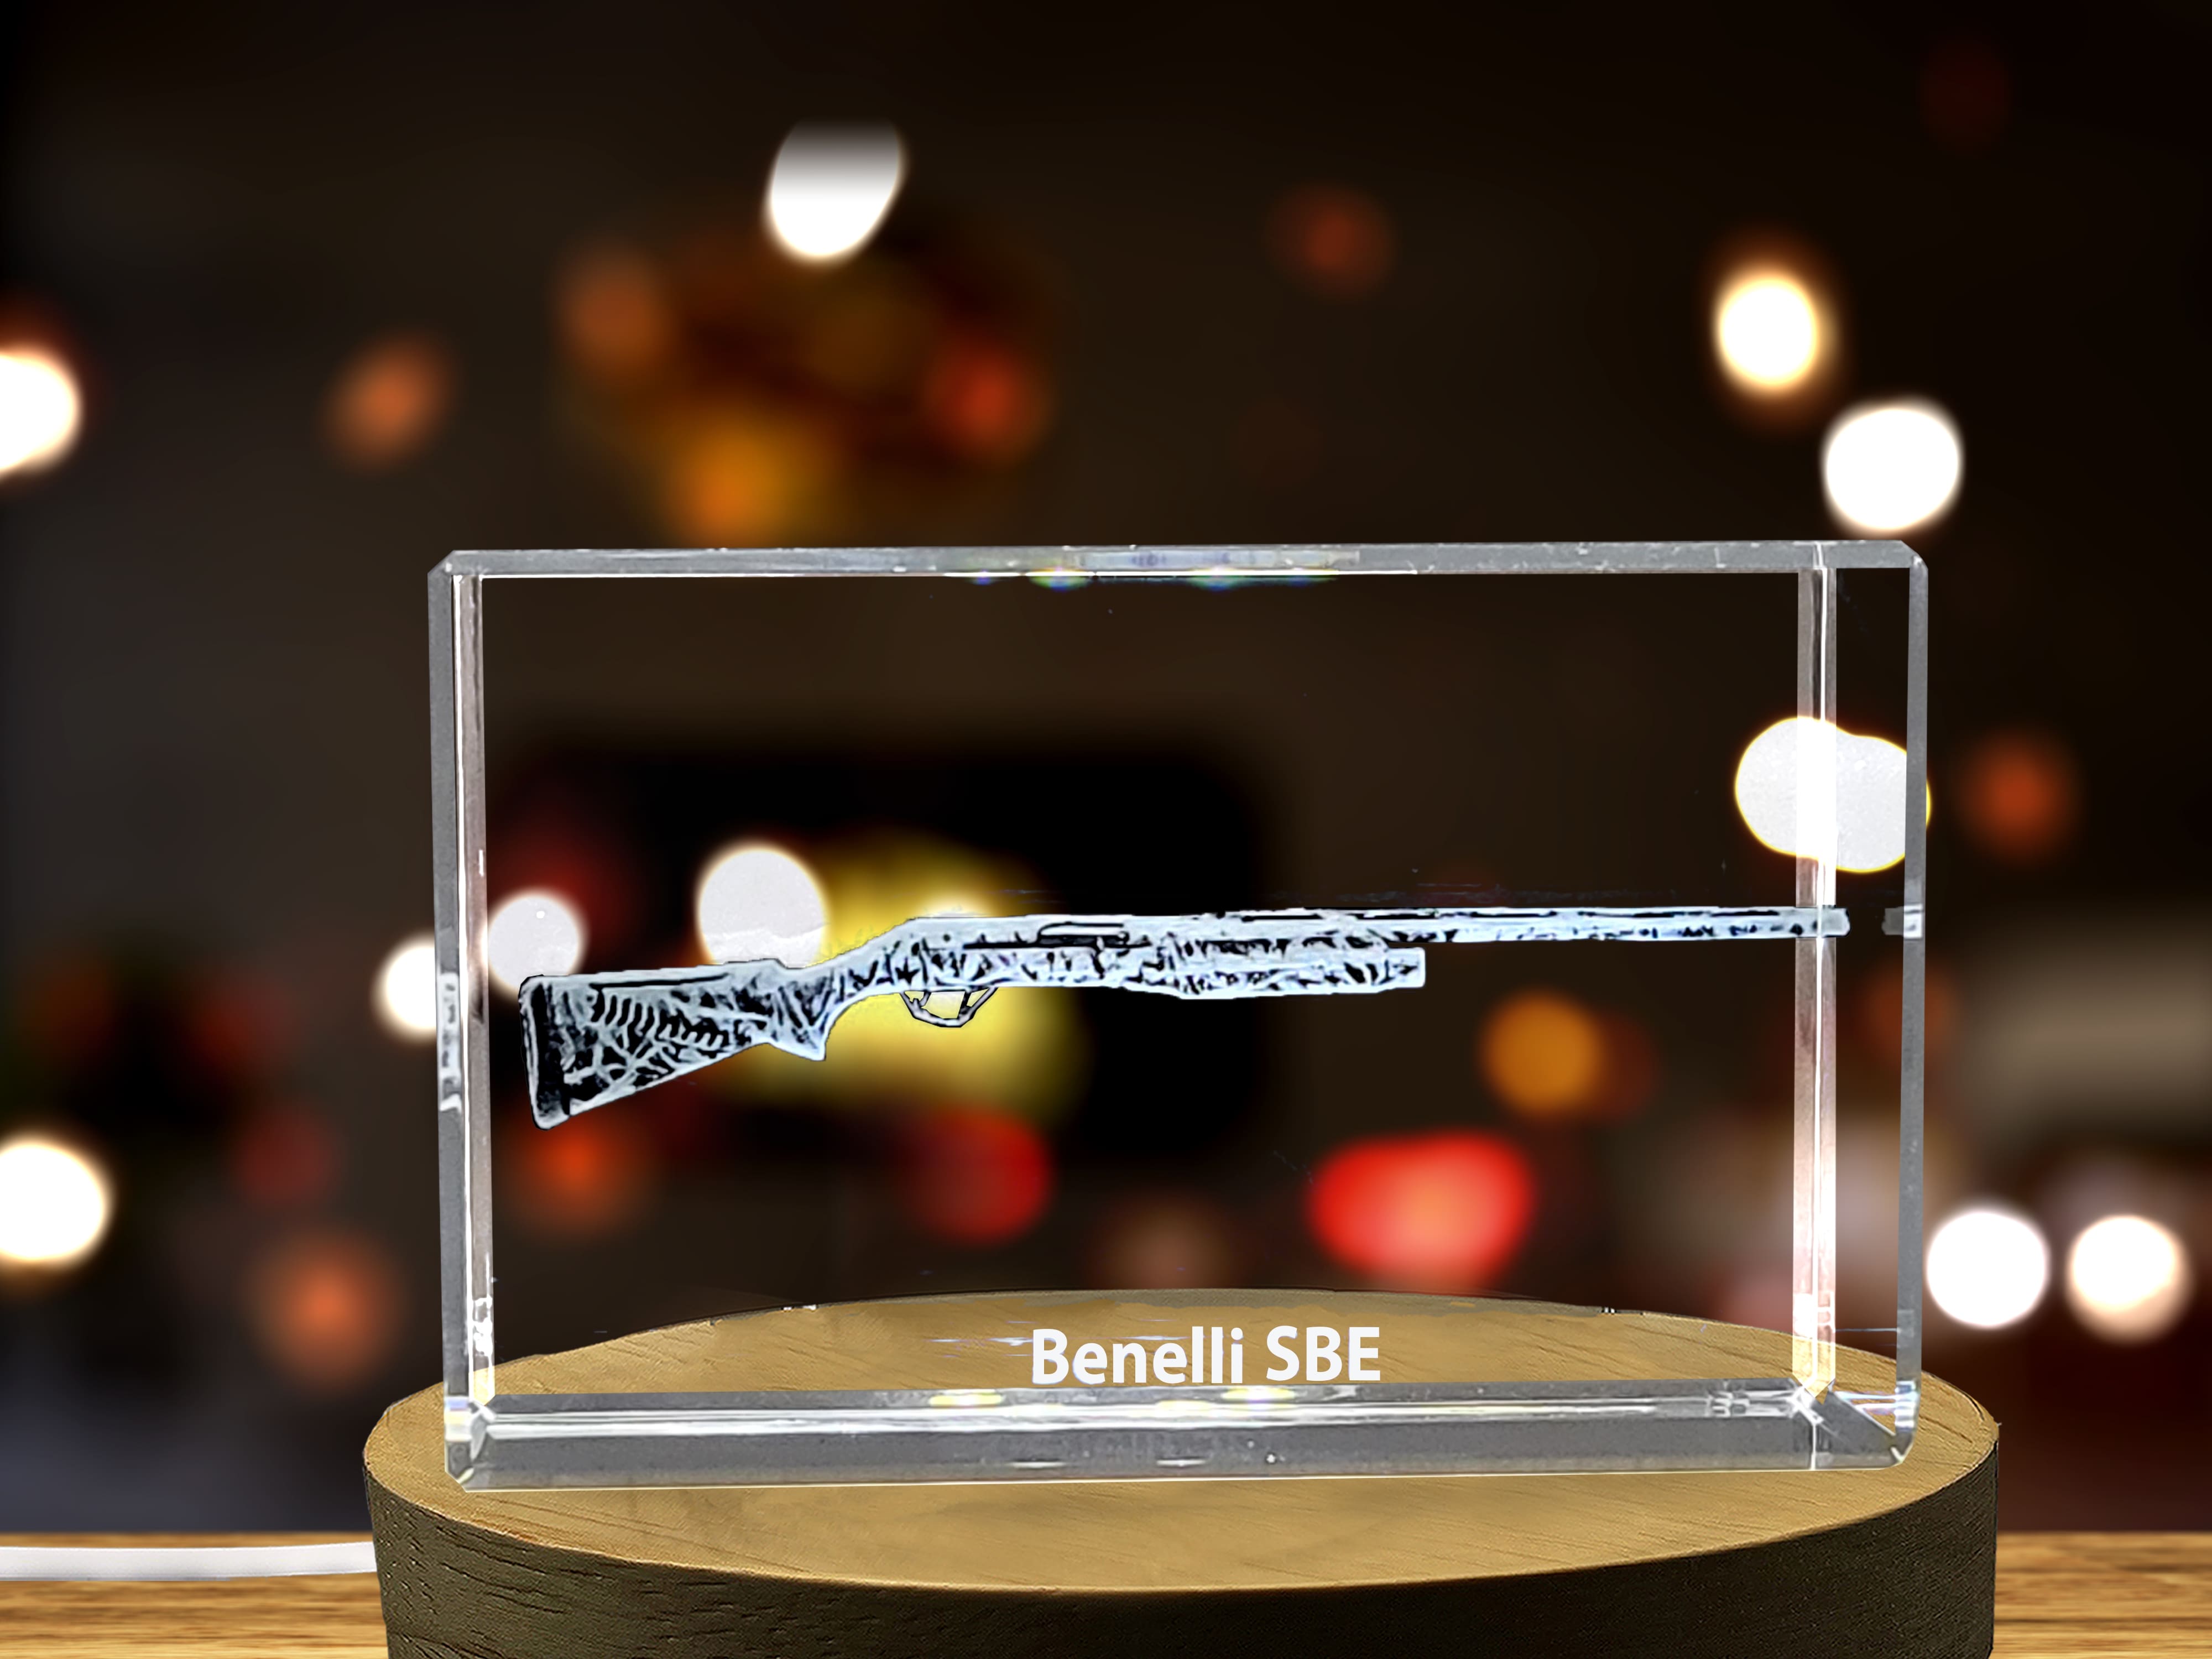 Benelli SBE Semi-Automatic Shotgun Design Laser Engraved Crystal Display A&B Crystal Collection
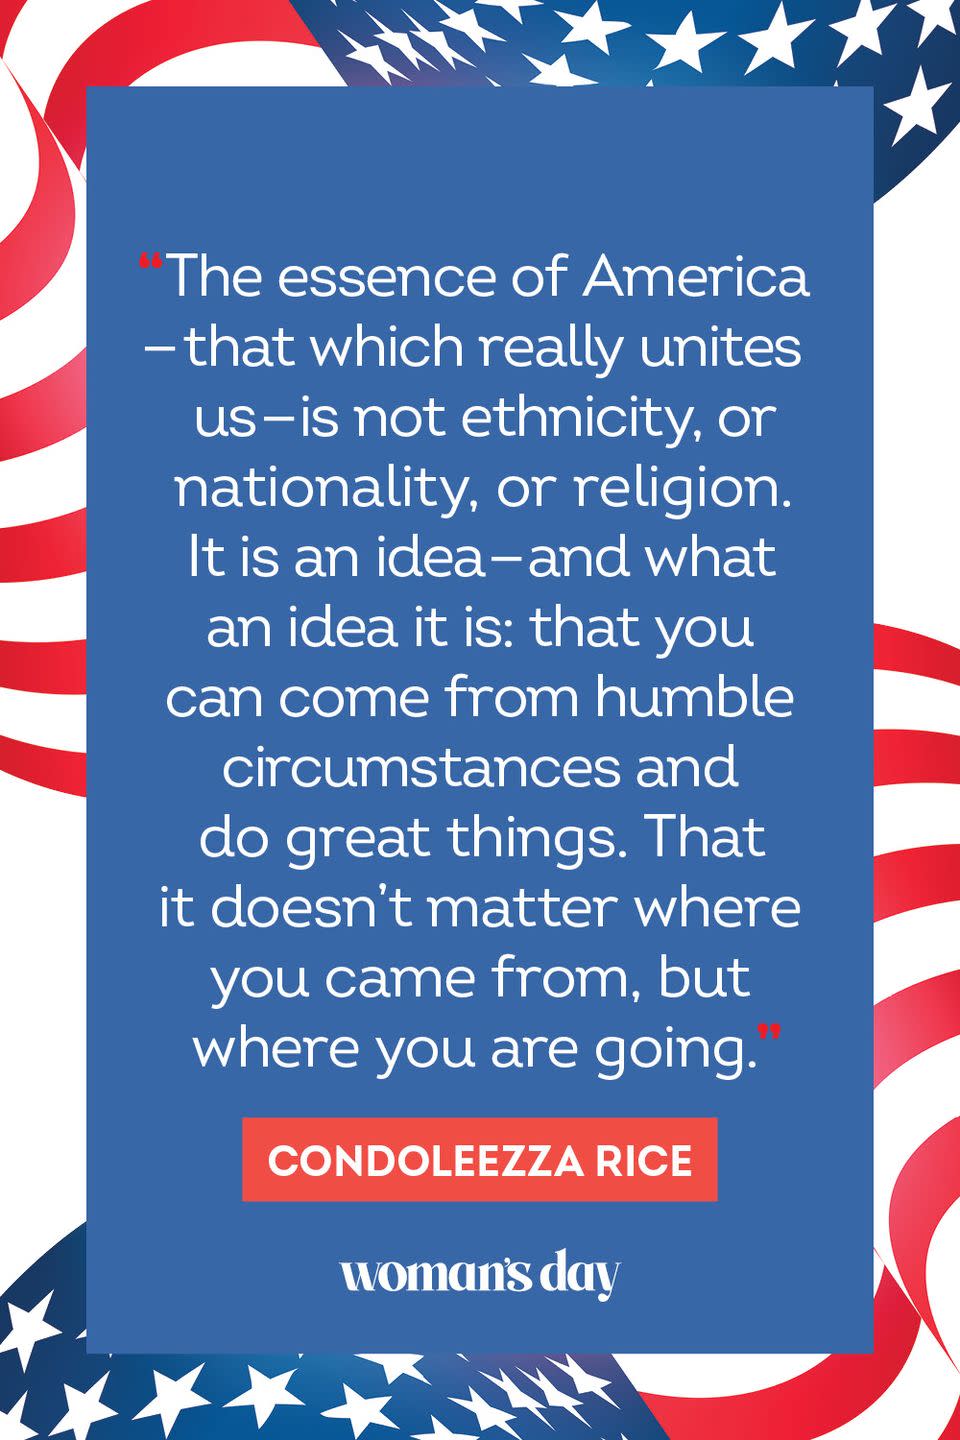 <p>"The essence of America — that which really unites us — is not ethnicity, or nationality, or religion. It is an idea — and what an idea it is: that you can come from humble circumstances and do great things. That it doesn't matter where you come from, but where you are going." </p>
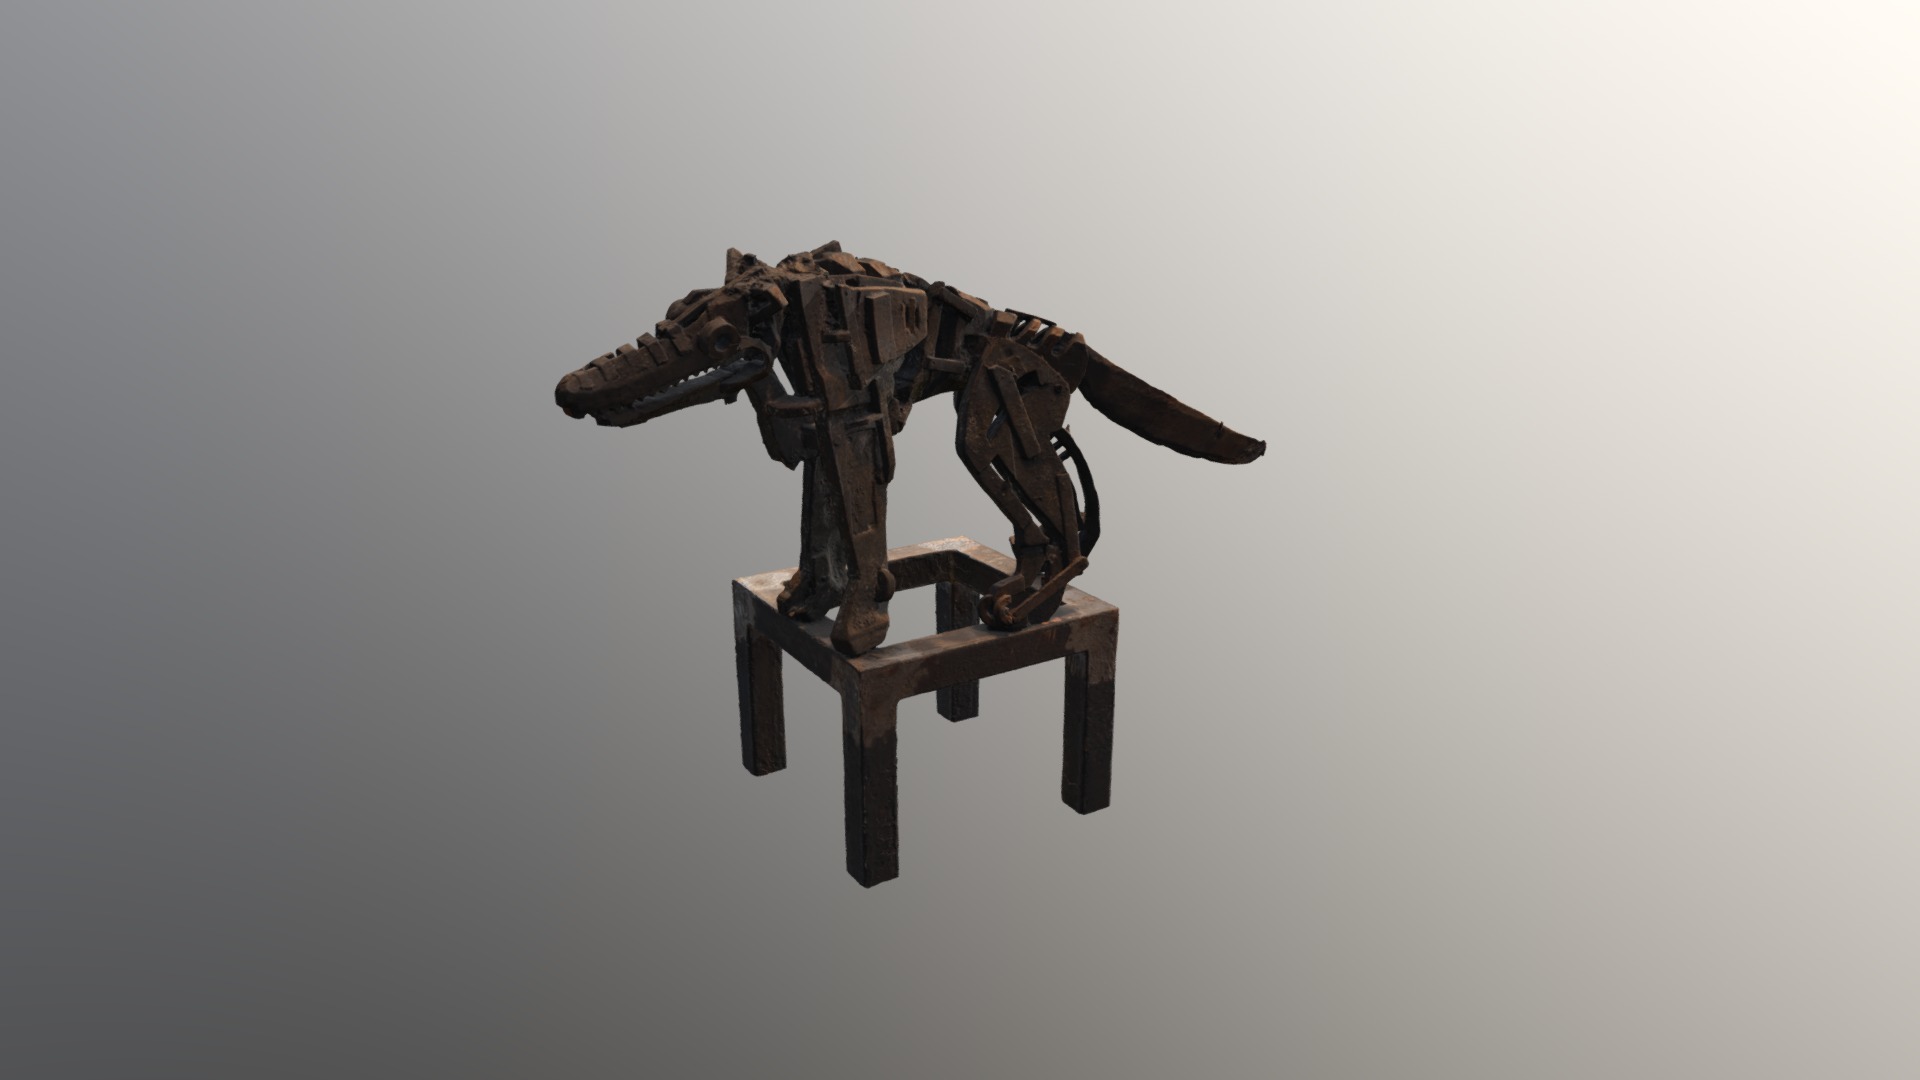 3D model Wolf metal engry scary 700k - This is a 3D model of the Wolf metal engry scary 700k. The 3D model is about a machine on the white cover.

Task item: Leave out the pictures, and write out exactly the lines from the one containing "essence of America" through the last line of the listing, both included.

The answer:
 <p>"The essence of America — that which really unites us — is not ethnicity, or nationality, or religion. It is an idea — and what an idea it is: that you can come from humble circumstances and do great things. That it doesn't matter where you come from, but where you are going." </p>
 3D model Wolf metal engry scary 700k - This is a 3D model of the Wolf metal engry scary 700k. The 3D model is about a machine on the white cover.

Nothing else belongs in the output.